Preferably, the first and second explosion points are both located directly above the central axis of the test aircraft.
Description: the positions of the first explosion point and the second explosion point are optimally adjusted, so that the whole test system is more stable, and the success rate of the test is improved.
The invention also provides a simulation method for the free flight hooking test of the carrier-based aircraft, which is based on the simulation system for the free flight hooking test of the carrier-based aircraft and comprises the following steps:
s1, preparing: the wing clamping plate is installed, a first lifting rope is installed in each hanging point, a second lifting rope is wound at the rear end of the test aircraft, a first explosion bolt and a second explosion bolt are installed, and a first crane and a second crane are started to lift the test aircraft;
s2, aircraft attitude adjustment: the output end of the first pneumatic winch is in butt joint with the middle part of the first connecting rope, then the first pneumatic winch is started, so that the first connecting rope is pulled by the first pneumatic winch, the test aircraft rolls to one side, and the rolling gesture of the aircraft is simulated;
s3, a full-machine drop test: starting a first explosion bolt to enable a first crane to release a test aircraft, simultaneously, releasing the butt joint of the output end of a first pneumatic winch and a first connecting rope to enable the front end of the test aircraft to fall, then starting a second explosion bolt to enable a second crane to release the test aircraft, and further simulating the condition that a nose landing gear of a carrier aircraft firstly contacts a deck and a main landing gear contacts the deck under the action of a blocking hook;
s4, data statistics: and collecting the speed data of the front landing gear contact platform of the tested aircraft.

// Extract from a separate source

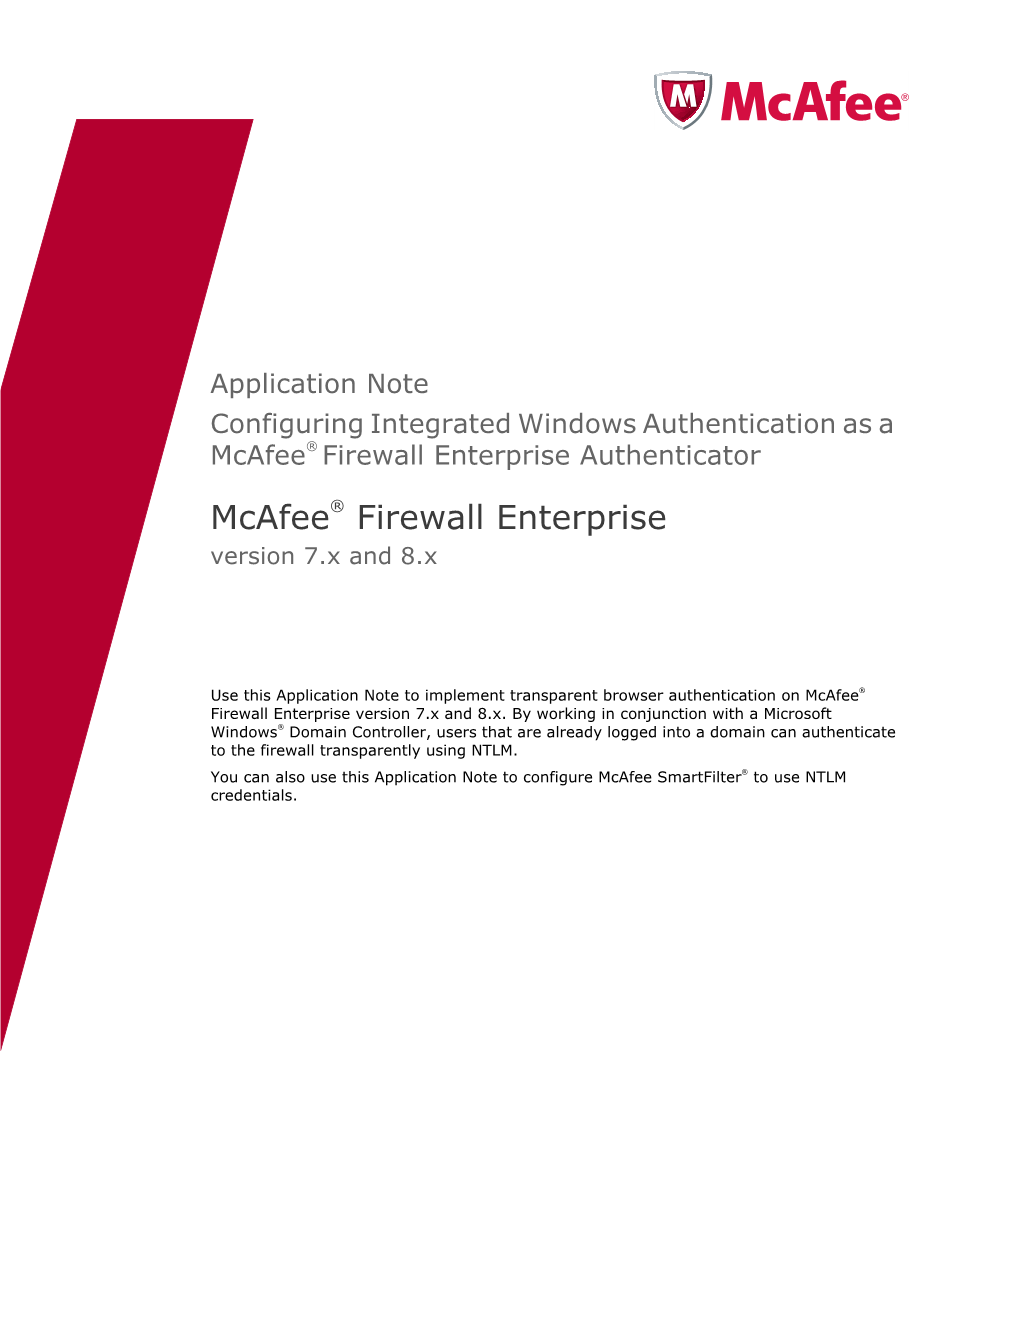 Application Note: Configuring Integrated Windows Authentication

Further, in the step S1, the lifting height of the first crane is greater than the lifting height of the second crane, so that the front end of the test aircraft rotates about the centroid by 0-10 °.
Description: the pitching rotation angle of the aircraft is optimally adjusted and tested, so that the aircraft is more close to the actual ship-borne aircraft landing situation.
Further, the lifting height of the gravity center of the test aircraft in the step S1 is determined by the initial sinking speed of the gravity center of the test aircraft:
h=v 2 /2g
wherein h is the lifting height of the gravity center of the test aircraft, v is the initial sinking speed of the gravity center of the test aircraft, the value range of v is 2-4 m/s, and g is the gravity acceleration.
Further, in the step S2, the first pneumatic winch pulls the first connecting rope to roll the test aircraft to one side by an angle of 0-30 °.
Description: the simulation of various different conditions can be realized by optimizing and adjusting the lateral rolling angle of the test aircraft, and the simulation meets the actual carrier-based aircraft landing condition.
Further, in the step S3, the opening time interval of the first explosion bolt and the second explosion bolt is 0.1-0.5S.
Description: the opening time interval of the first explosion bolt and the second explosion bolt is optimally adjusted, so that the real situation of the carrier-based aircraft landing is more similar.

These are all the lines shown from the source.